Circular motion when F=ma' I apologize in advance if this question is deemed too general or too similar to this and this question.
How would mechanics be different if $F=mx'''$ instead of $F=ma$? I feel like I have intuition about what kind of place an $F=mv$ world would be like, since, after all, this is part of our everyday experience dominated by friction. Let me make my question more specific.
If I pick a ball attached to the end of a string in a $F=mv$ world, I cannot make it move in uniform circular motion by swinging it around. I can separate the ball and the end of string by pulling the two apart, but then pulling on the string simply pulls the ball towards me. $F=mv$ is like living in a very viscous liquid. I've heard that at a very small scale (like that of bacteria), water is like this and this has consequences for the propulsion of microorganisms.
In reality, it is possible to give an initial velocity to the ball and then to tug on the string to rotate the velocity vector so that it is moving in uniform circular motion. 
Please correct me if any of the above is wrong.
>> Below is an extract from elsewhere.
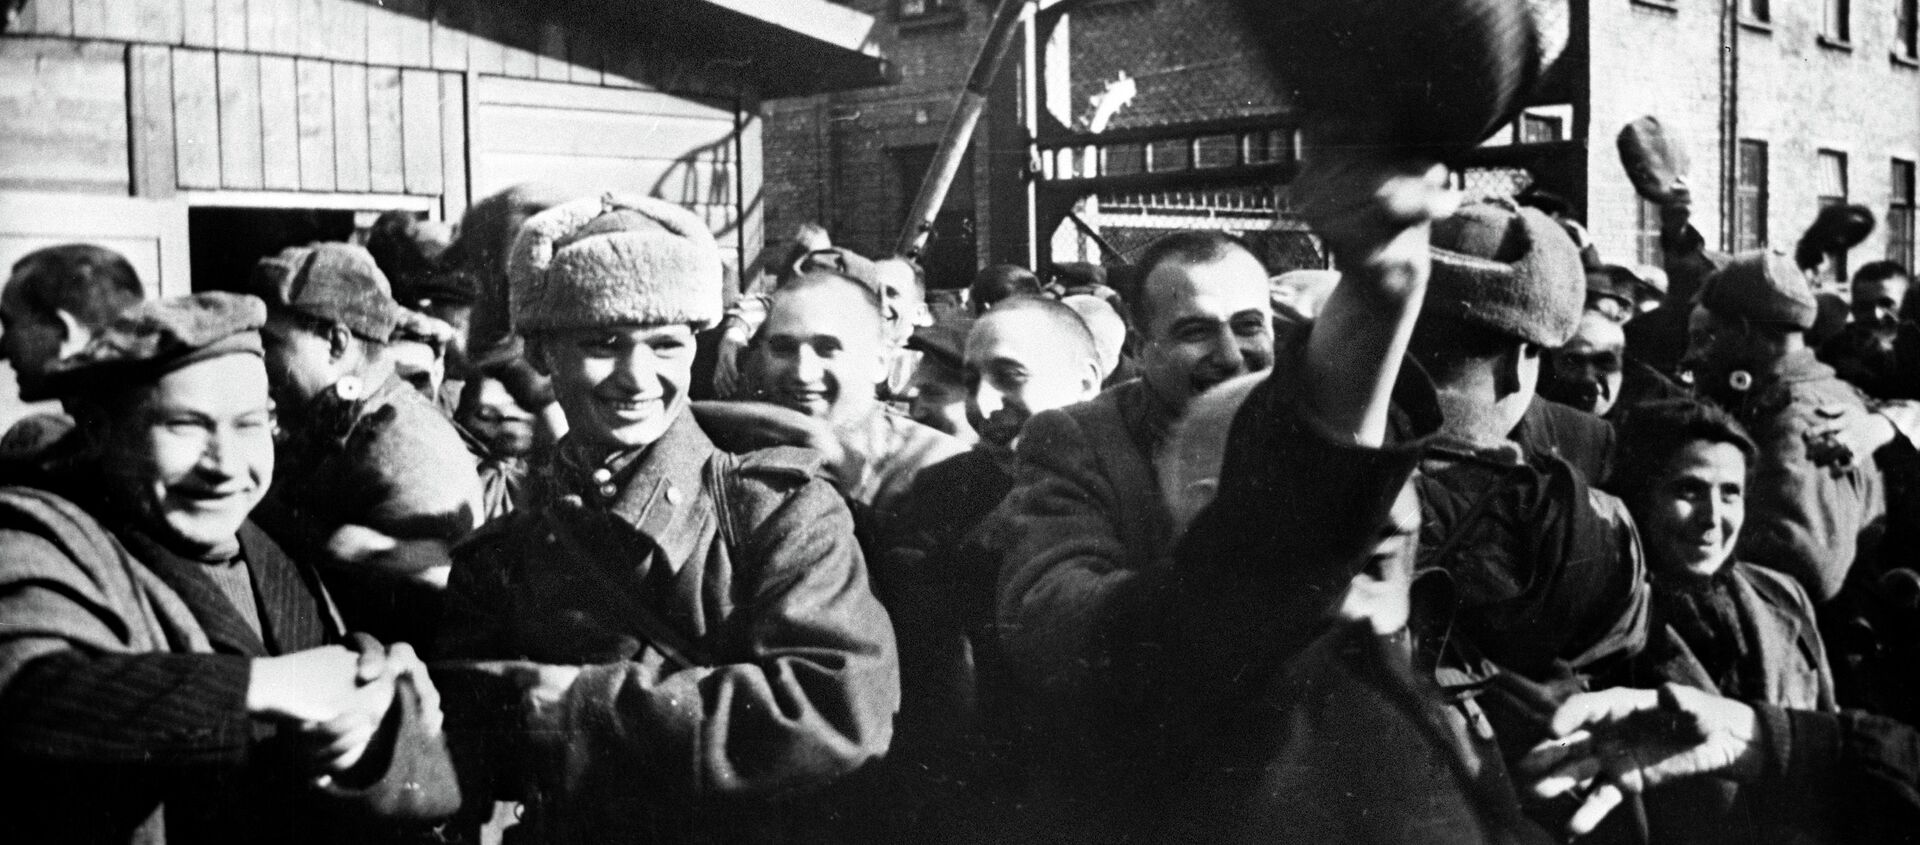 Second World War of 1939-1945. Prisoner's of Oswiecim at first minutes after they were released by Soviet soldiers. January of 1945. (File) - Sputnik International, 1920, 09.05.2018

But what happens if $F=mx'''$? I have no intuition about what would happen with the string and ball example in this case. You could give the ball a constant velocity and zero initial acceleration. But then how does it move constrained by a string that is applying a force which changes acceleration. Would it spiral? What kind of setup of forces could force a particle into circular motion? Is there any way to gain intuition about the consequences of $F=mx'''$?     
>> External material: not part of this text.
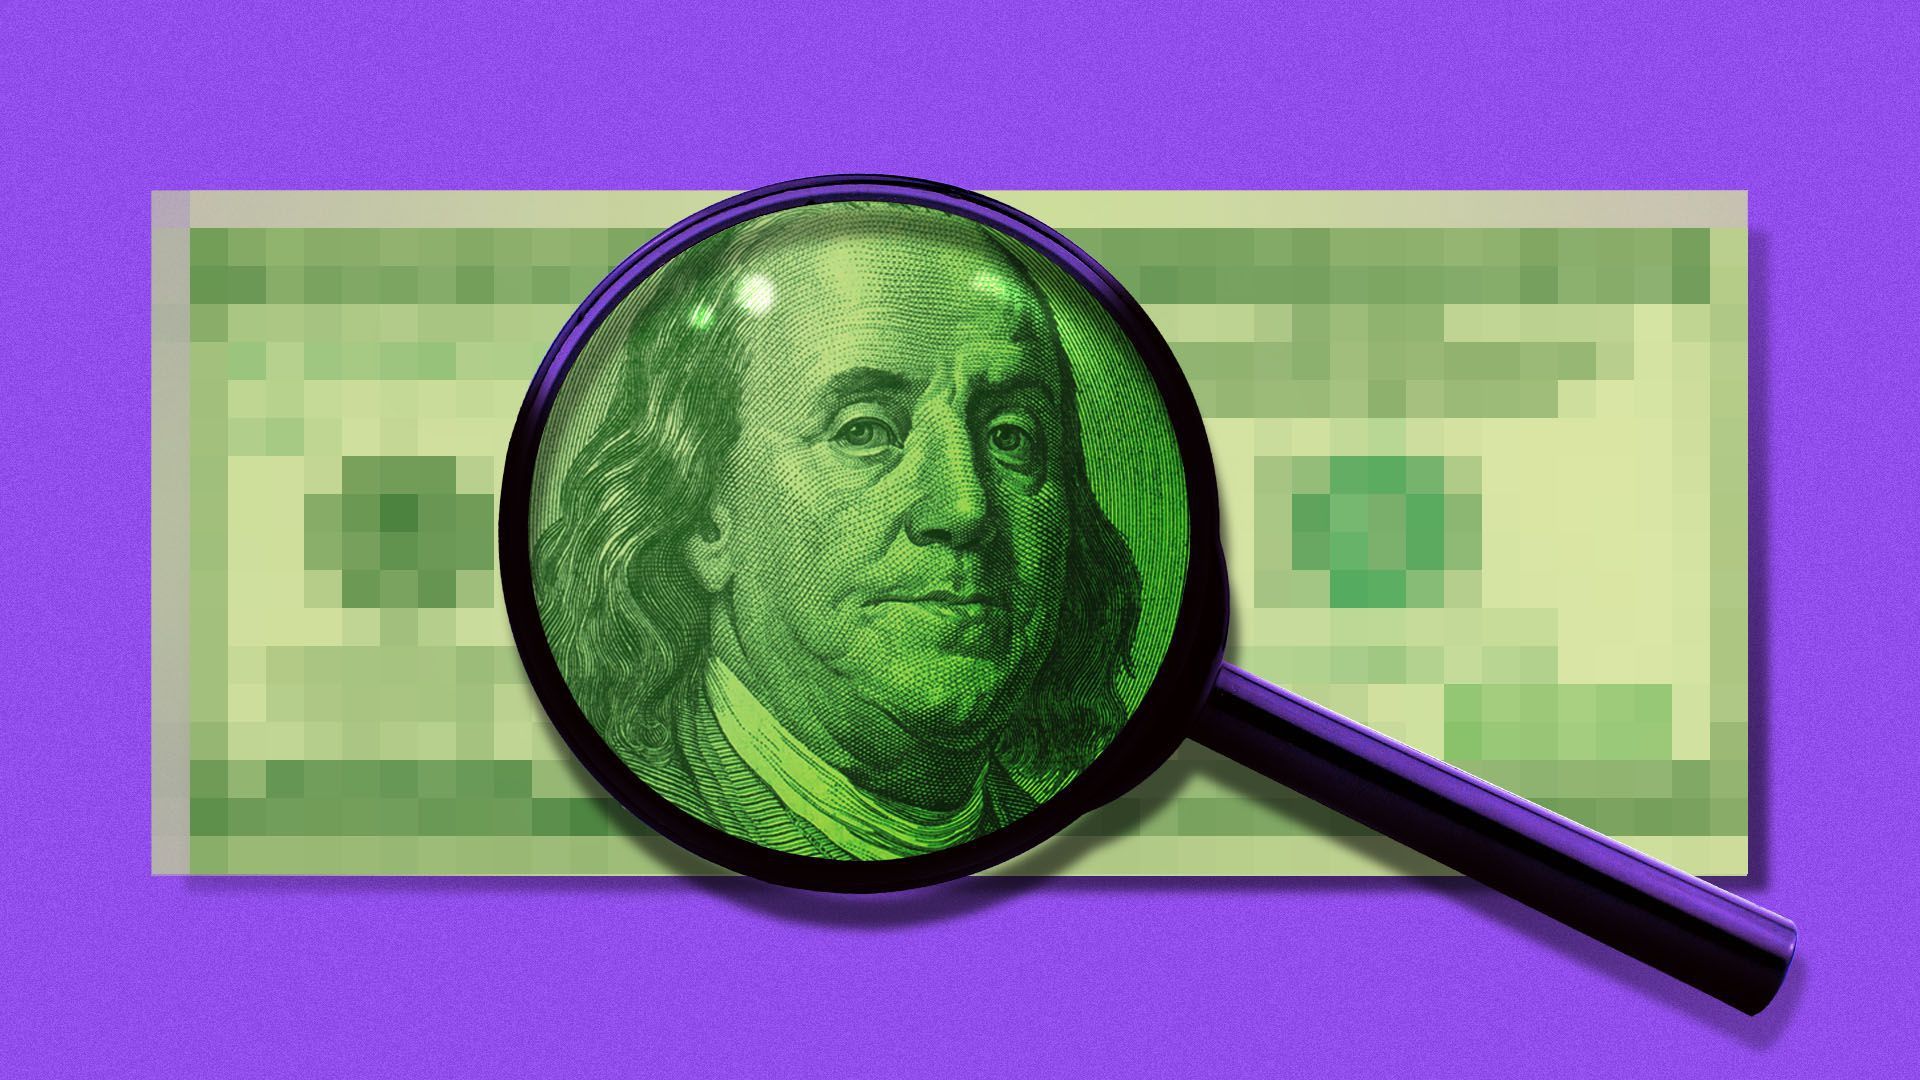 In illustration shots a magnifying glass over the image of Ben Franklin's face on U.S. currency.

 A: Confine the motion to a plane, and for convenience make it the complex plane.  Describe the position of a particle in uniform circular motion by $z = Re^{i\omega t}$.  Then the jerk (derivative of acceleration} is $z''' = -i\omega^3 z$.  Compare that to velocity $z' = i\omega z$.  The jerk points opposite the velocity.  Thus, to move in uniform circular motion with $F = ma'$, you must constantly feel a force pushing you backwards, opposite your current direction of motion.  Additionally, you must have the correct initial conditions for $z(0)$, $z'(0)$, and $z''(0)$.
Presumably, a string could not provide  this force, because the force would still act in the direction of the string.  We would have $z''' \propto z$, the force in the direction of the motion, if the string followed Hooke's law.  The solutions are $z = e^{\alpha t}$ with $\alpha$ some constant times a cube root of unity.  The interesting solutions have both periodic and exponential behavior, so the particle would spiral out or spiral in with this force law.
Free particles in this universe move the same way particles with constant force move in our universe - on parabolas.